Beyond the lists of activities, let’s look at three areas of the rules that can cause issues:

  1. Substantial return benefits
  2. Services provided
  3. Internet issues
Substantial Return Benefits

Note that number three on the list of four “advertising” activities concerns “insubstantial benefits.” By rule, anything the sponsor receives in return for their sponsorship (greens fees, facilities use, tickets, goods or services, etc.) must have a fair market value of 2% or less of the sponsorship payment. If the value is more than 2%, the entire value of the return benefit is subject to UBIT. While 2% does not sound “substantial,” the rules are the rules.

Example 2:
The same Calvary College situation as in Example 1 but in addition, the college gives the sponsor two season tickets to all basketball and volleyball games. The fair market value of these tickets is $400.

Because the value of the season tickets is more than 2% of the $5,000 payment, the entire $400 “return benefit” is considered the value of the advertising and subject to UBIT.

Services Provided

A subset of the substantial return benefit rules concerns the value of services that may be provided by the tax-exempt organization to a given sponsor. If services are required, the fair market value of those services would generally be considered unrelated business income. It can be a particularly interesting project to reasonably value such services.

Example 3:
The same Calvary College situation as in Example 1 but in addition, the sponsorship contract requires the college’s basketball coach to make three appearances at events for the sponsor — wearing the sponsor’s logo on his clothing and speaking about the sponsor’s “great service.” The fair market value of these appearances is $1,000.

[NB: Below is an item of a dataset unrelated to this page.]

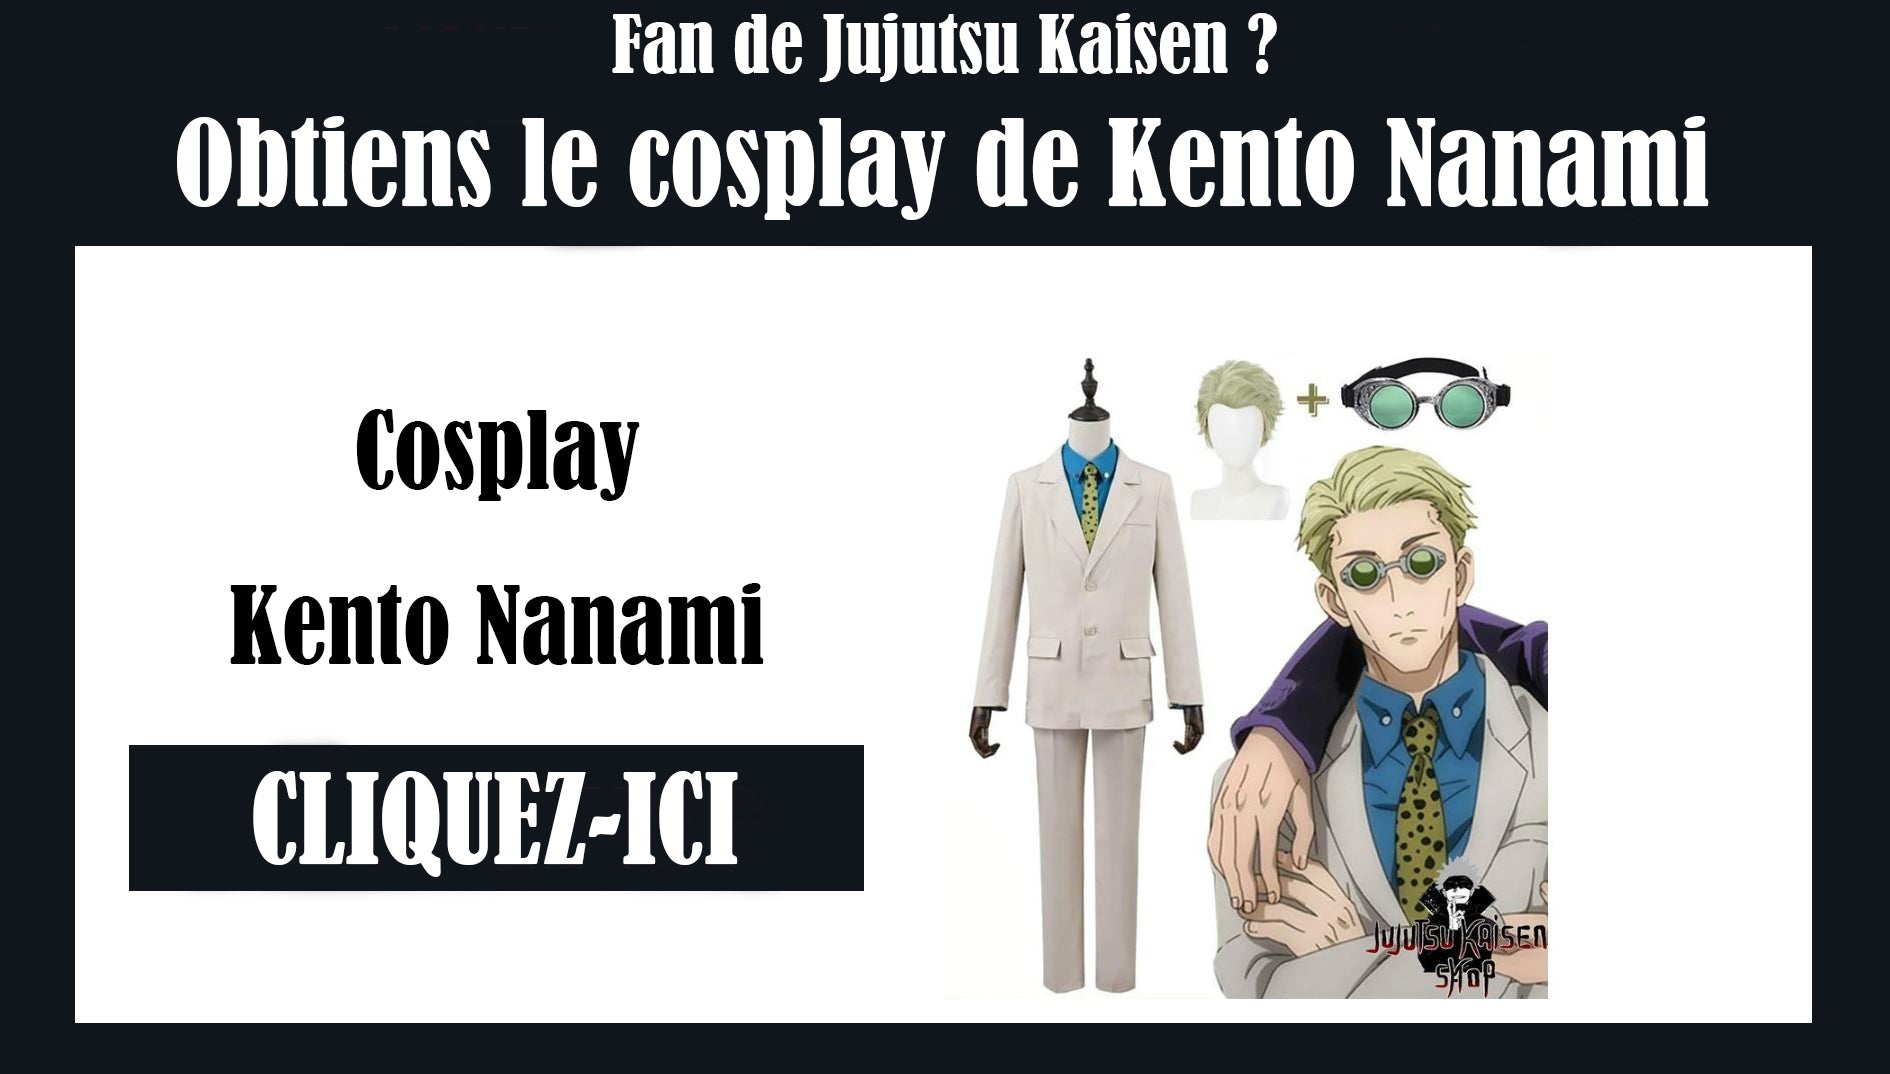 cosplay kento nanami

Because services are required as part of the sponsorship agreement, the $1,000 fair market value of the coach’s appearances is considered unrelated business income.

Internet Issues

If a sponsorship payment also includes a hyperlink to the sponsor’s website placed on the tax-exempt organization’s website (maybe as part of the sponsor’s name or logo), care should be taken to ensure that unrelated business income is not generated. Rulings have stated that a “clickable” link to a sponsor’s website will not result in unrelated business income — even if there is advertising verbiage on the linked website — as long as the tax-exempt organization does not “endorse” the sponsor’s products. However, the IRS has not released guidance in this area. We cannot be sure that such guidance, when it is issued, will be in accordance with what we’ve seen historically.

Example 4:
The same Calvary College situation as in Example 1, except that the college also includes the sponsor’s logo on its athletics website, along with a clickable link to the sponsor’s website.

Because only the sponsor’s logo and a link to its website are provided on the college’s website, without endorsement or advertising language, no unrelated business income should be generated from this logo and link.

Recent Tax Reform

In early 2014, the House Ways and Means committee released a draft paper enumerating many proposed changes to the tax code. The draft makes significant changes to the treatment of corporate sponsorships for UBIT purposes. As proposed, if an organization uses or acknowledges the name or logo of a sponsor’s product line, the sponsor’s payment will be treated as per se unrelated trade or business income. Additionally, if an organization receives more than $25,000 of qualified sponsorship payments for any one event, the use or acknowledgement of the sponsor’s name or logo must appear with the names of a “significant portion” of the other donors to the event.

We expect to hear much more about these potential changes throughout 2015.